Stored items from a collection:
┄┄┄┄┄┄
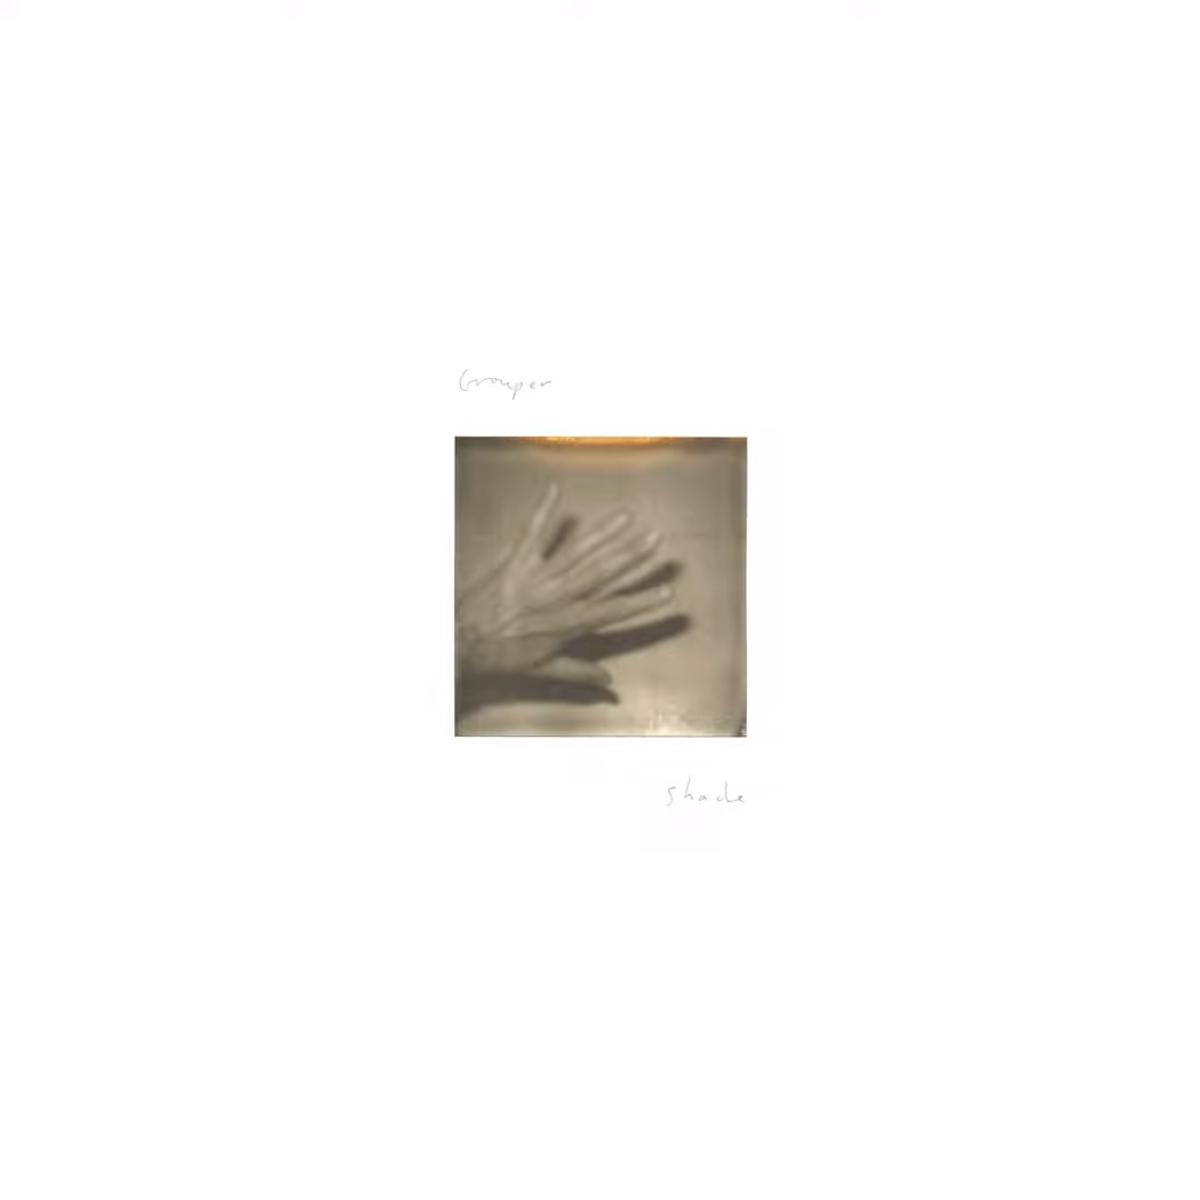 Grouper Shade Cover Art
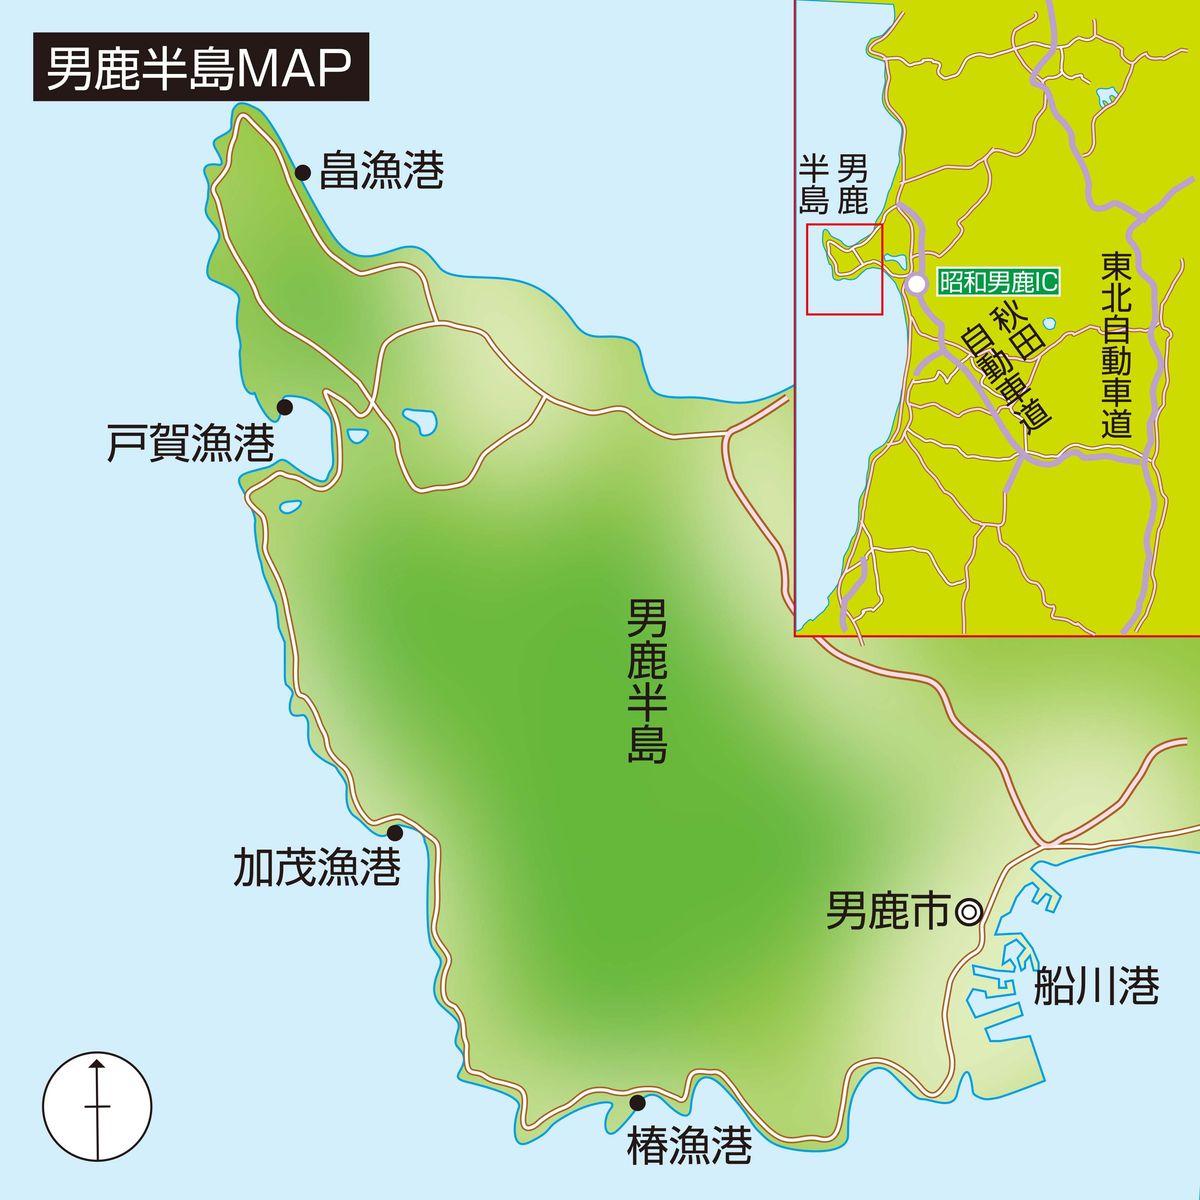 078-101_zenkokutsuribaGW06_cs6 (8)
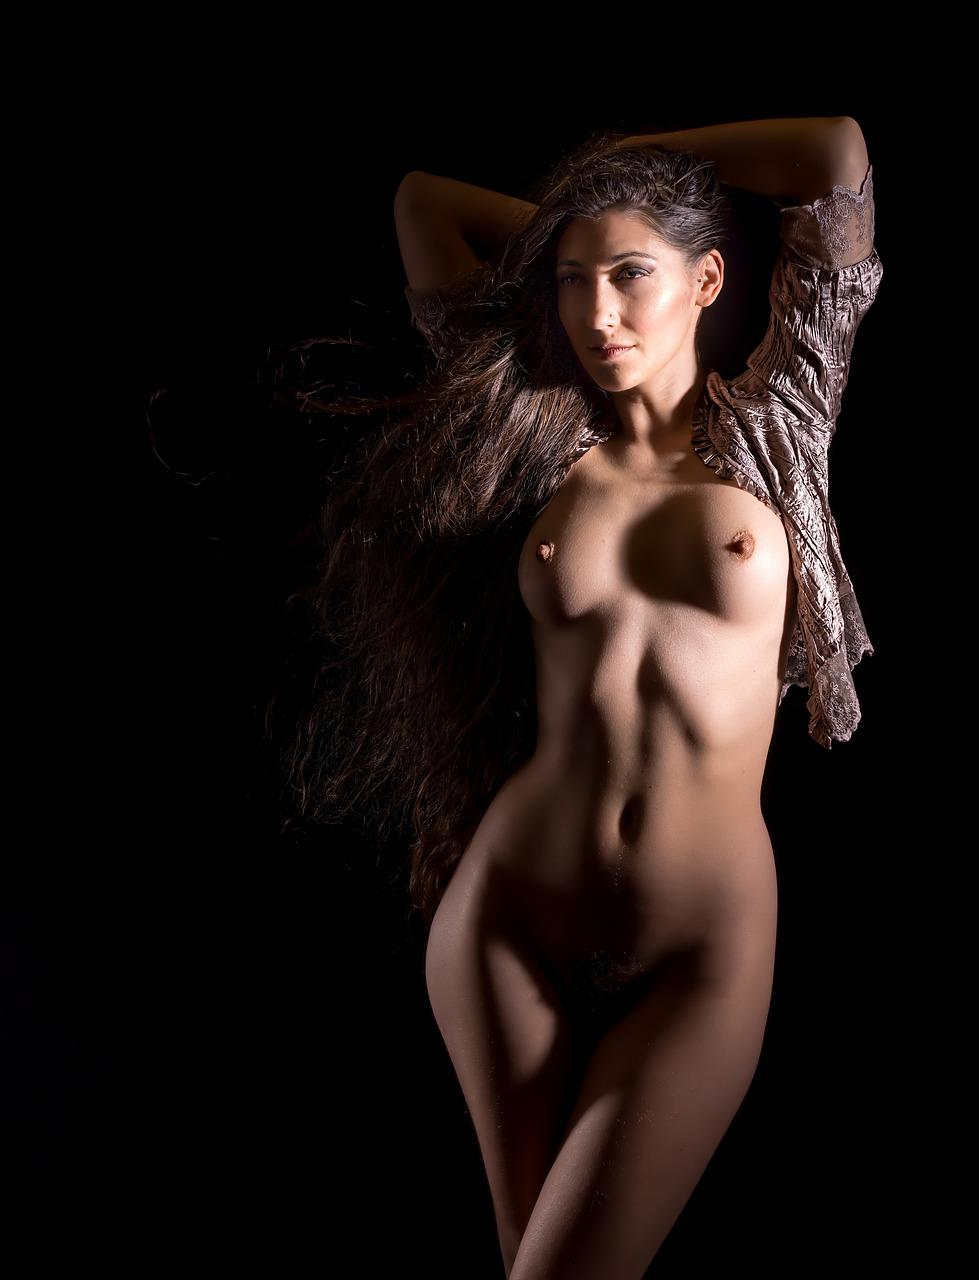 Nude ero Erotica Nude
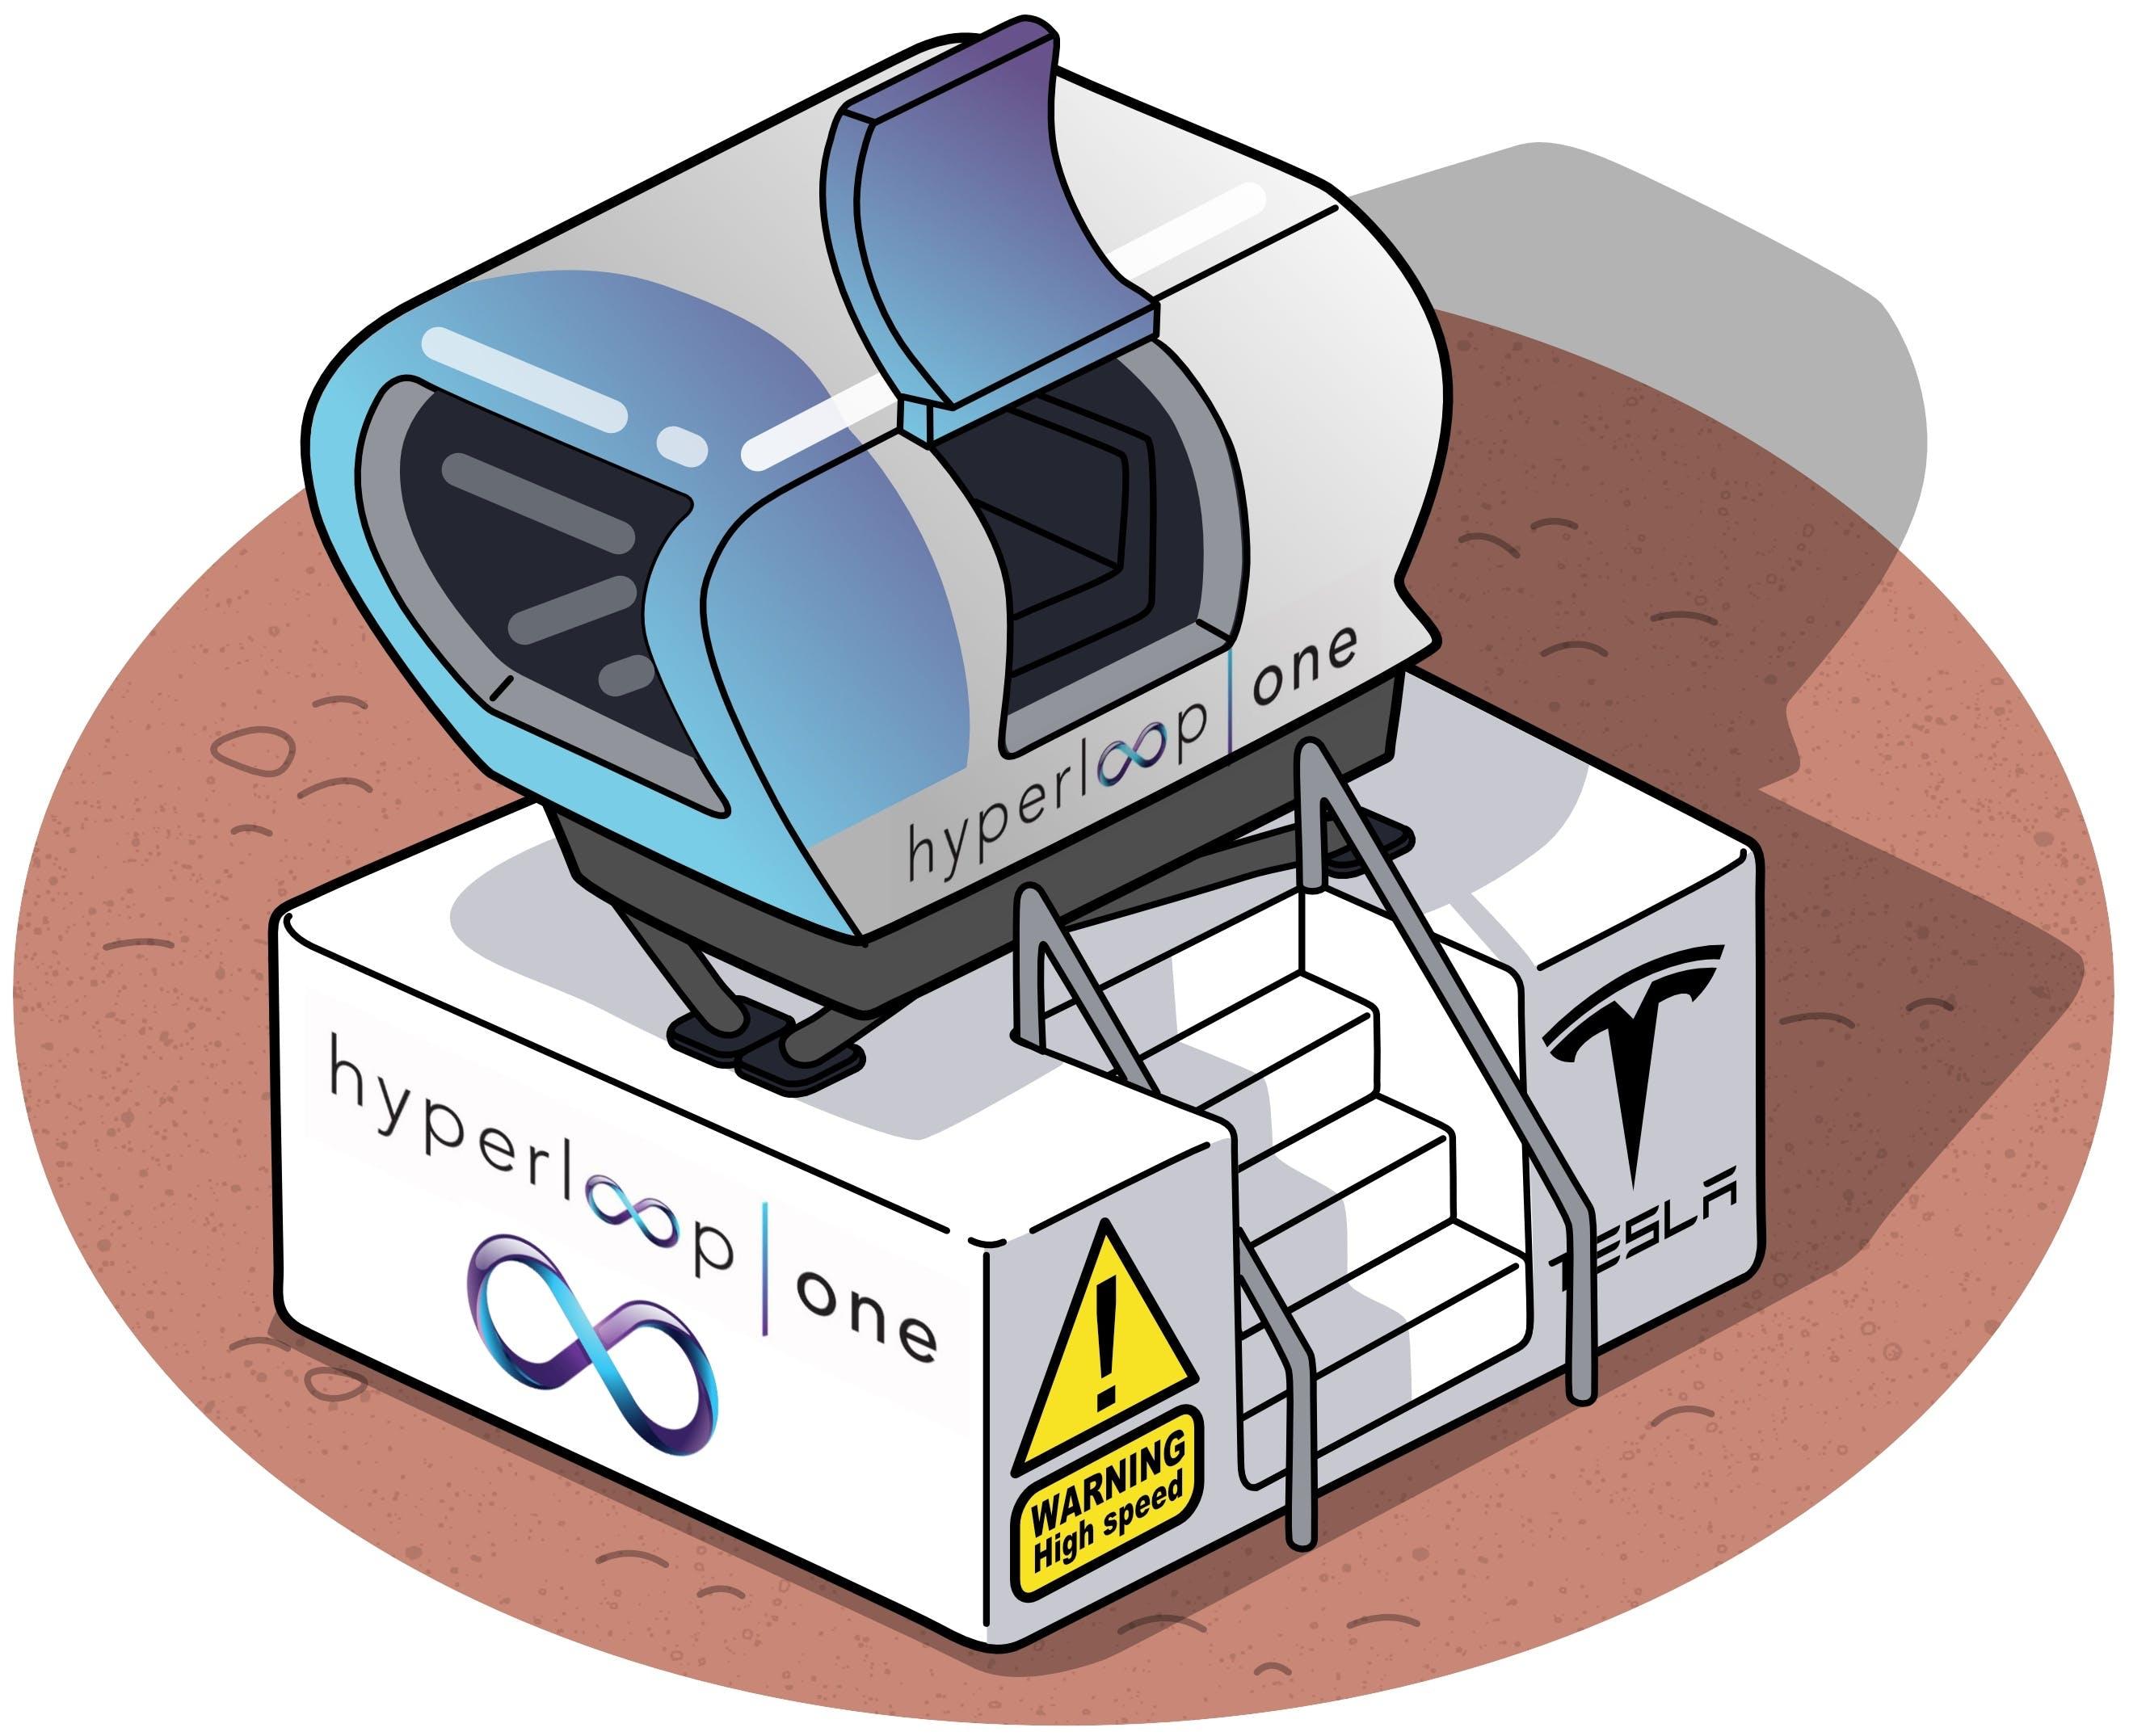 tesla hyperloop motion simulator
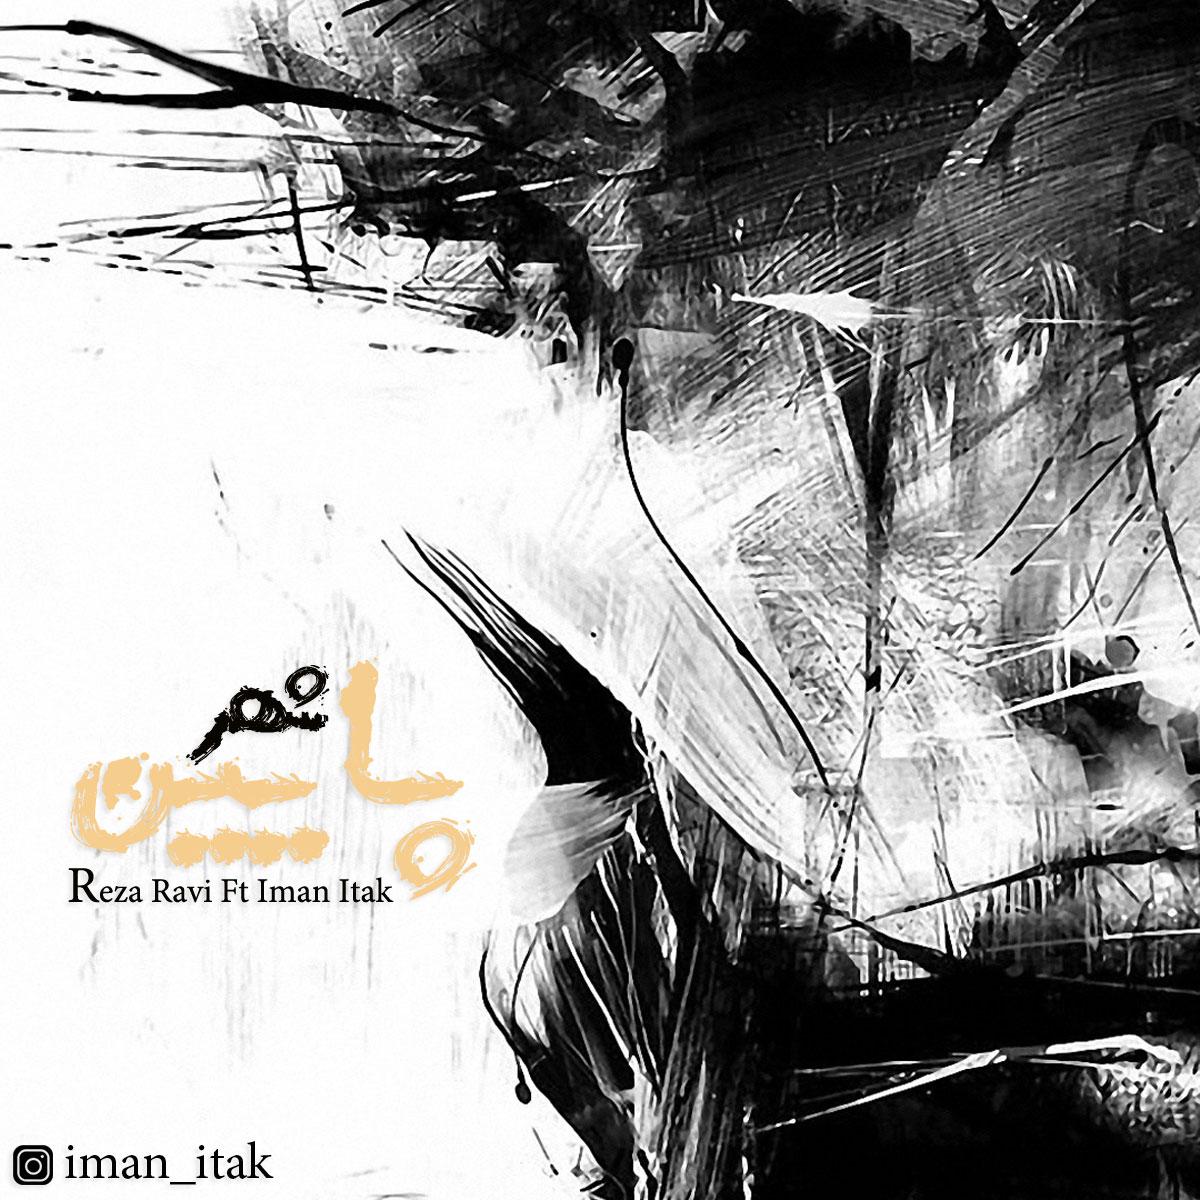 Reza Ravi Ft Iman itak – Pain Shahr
┄┄┄┄┄┄
=== What is required ===
Copy the lines starting at the line that contains "Nude ero Erotica Nude" and running to the final line of the entries, inclusive; omit all pictures.

=== Expected output ===
 Nude ero Erotica Nude
 tesla hyperloop motion simulator
 Reza Ravi Ft Iman itak – Pain Shahr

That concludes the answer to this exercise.